Jaou Tunis 2018

Andrew Berardini

July 30, 2018
Jaou Tunis, Tunis
June 27–July 1, 2018

When you land in Tunis, all the press materials are in a language you barely understand and despite everyone’s best efforts, you constantly end up lost, looking for places you never find. You’ll spend hours of research and late-night web searches, riding air-conditioned buses between scattered events, gathering as many stories from locals as you can, arguing with taxi drivers in a mix of English, French, and Arabic, stepping over an awful lot of dead cats, and running your fingers over exquisite carvings in ancient palaces. Despite all of this, what Tunis actually is (nonetheless how an international art festival might fit into it) remains as elusive as before you ever went. Somewhere in the mix of friends and acquaintances, the newly met and sometimes haunting characters and strangers that make up the voyage, you try to get a sense of the atmosphere of a place you never imagined you’d see. You find Tunisians to be warm and sad with a dark humor, the country crawling forward despite 2000 years of colonialism and more than a half century of dictatorship, its hope unbroken even if its spirit feels tired. In a car ride between parties at 3 a.m., a Tunisian sophisticate gives you a brief history of his country and somewhere in the narrative describes the first dictator after independence, however bad, as not the worst guy who ever ruled. He ends with the sentence, “Sometimes countries aren’t yet ready for democracy.”

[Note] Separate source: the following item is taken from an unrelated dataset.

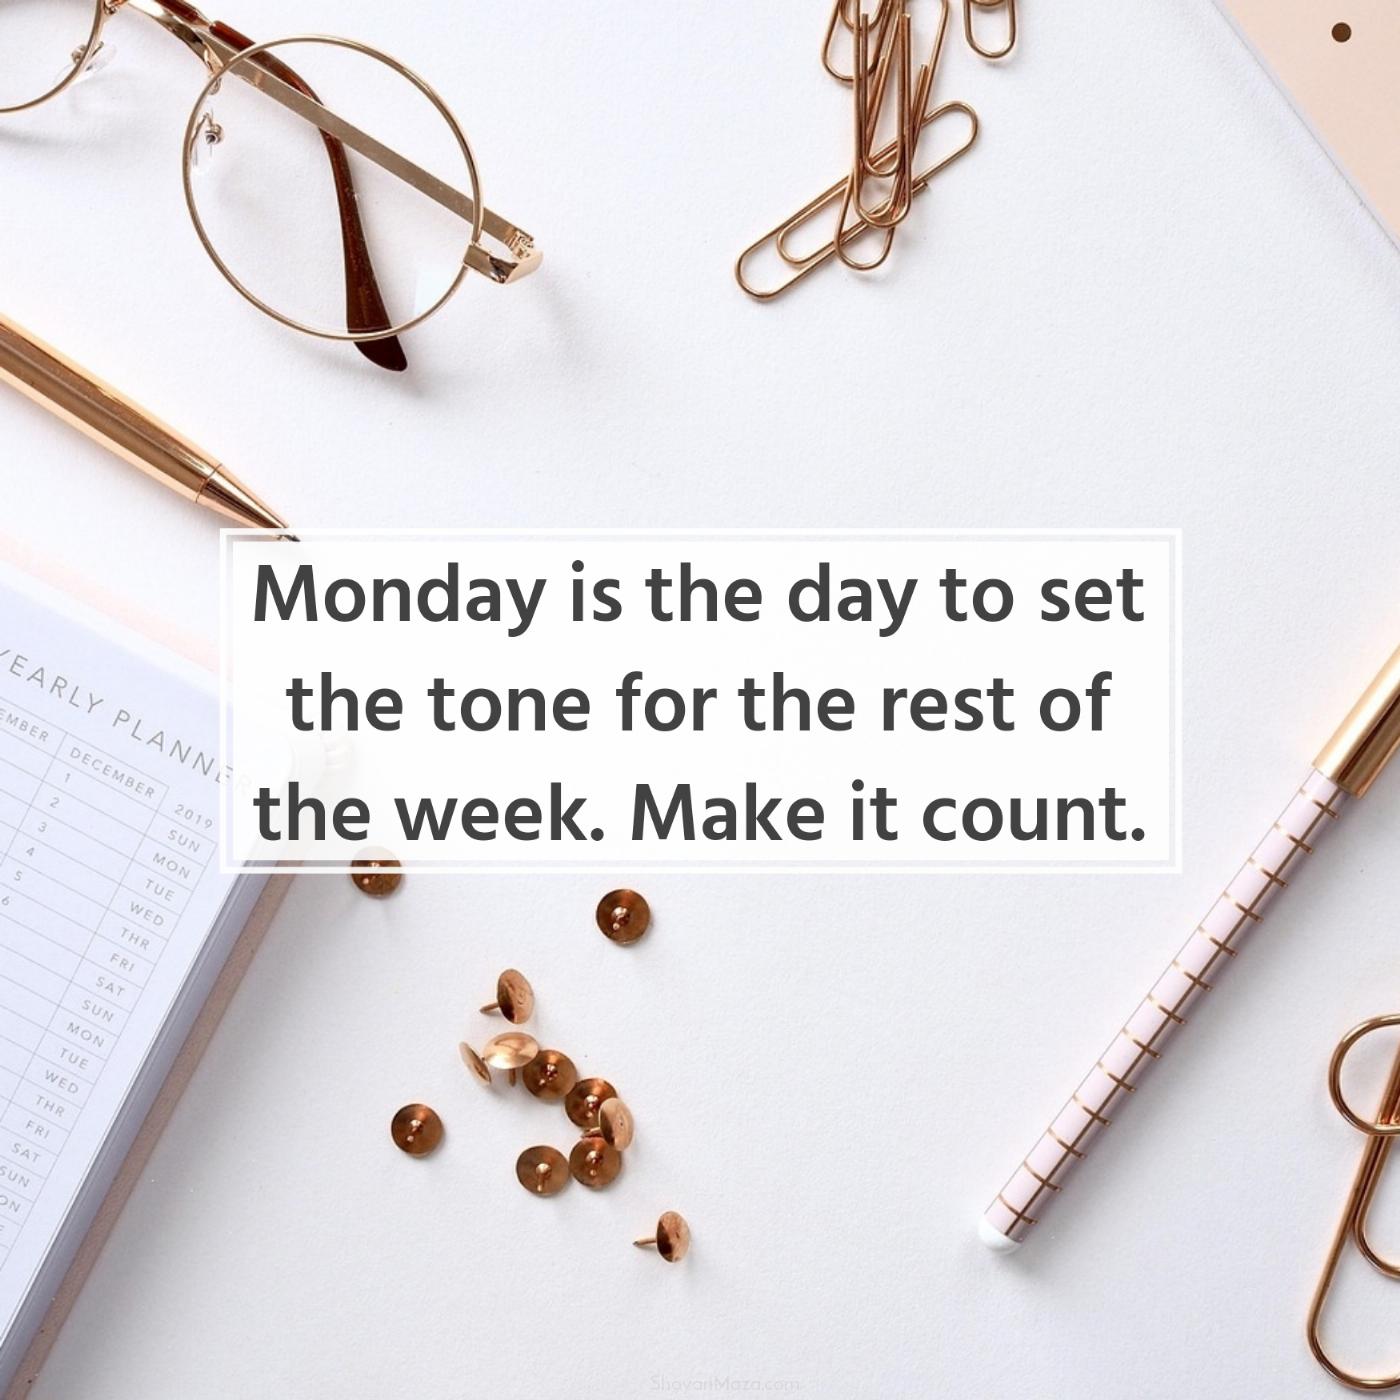 Monday is the day to set the tone for the rest of the week

The fifth edition of Jaou Tunis opened with a performance, but the real performance happened months before you showed up. Letters over letters, endless bureaucracies snarled and tangled, a series of compromises. The opening performance took place at L’Ancienne Bourse du Travail, an iconic building in Tunisian history. Built in the 1950s, it is a place where generations of trade syndicates and politicians would organize and deliver speeches, a deeply charged site of propaganda and promise (both made and broken). Located just off the Avenue Habib Bourguiba, the central thoroughfare of Tunis and the site of protests that began the Arab Spring and the overthrow of notoriously corrupt former President Zine El Abidine Ben Ali. The revolution, along with the terrorist attacks that followed it, are present as a soft throb, not overtly in anything you see but pulsing in everything.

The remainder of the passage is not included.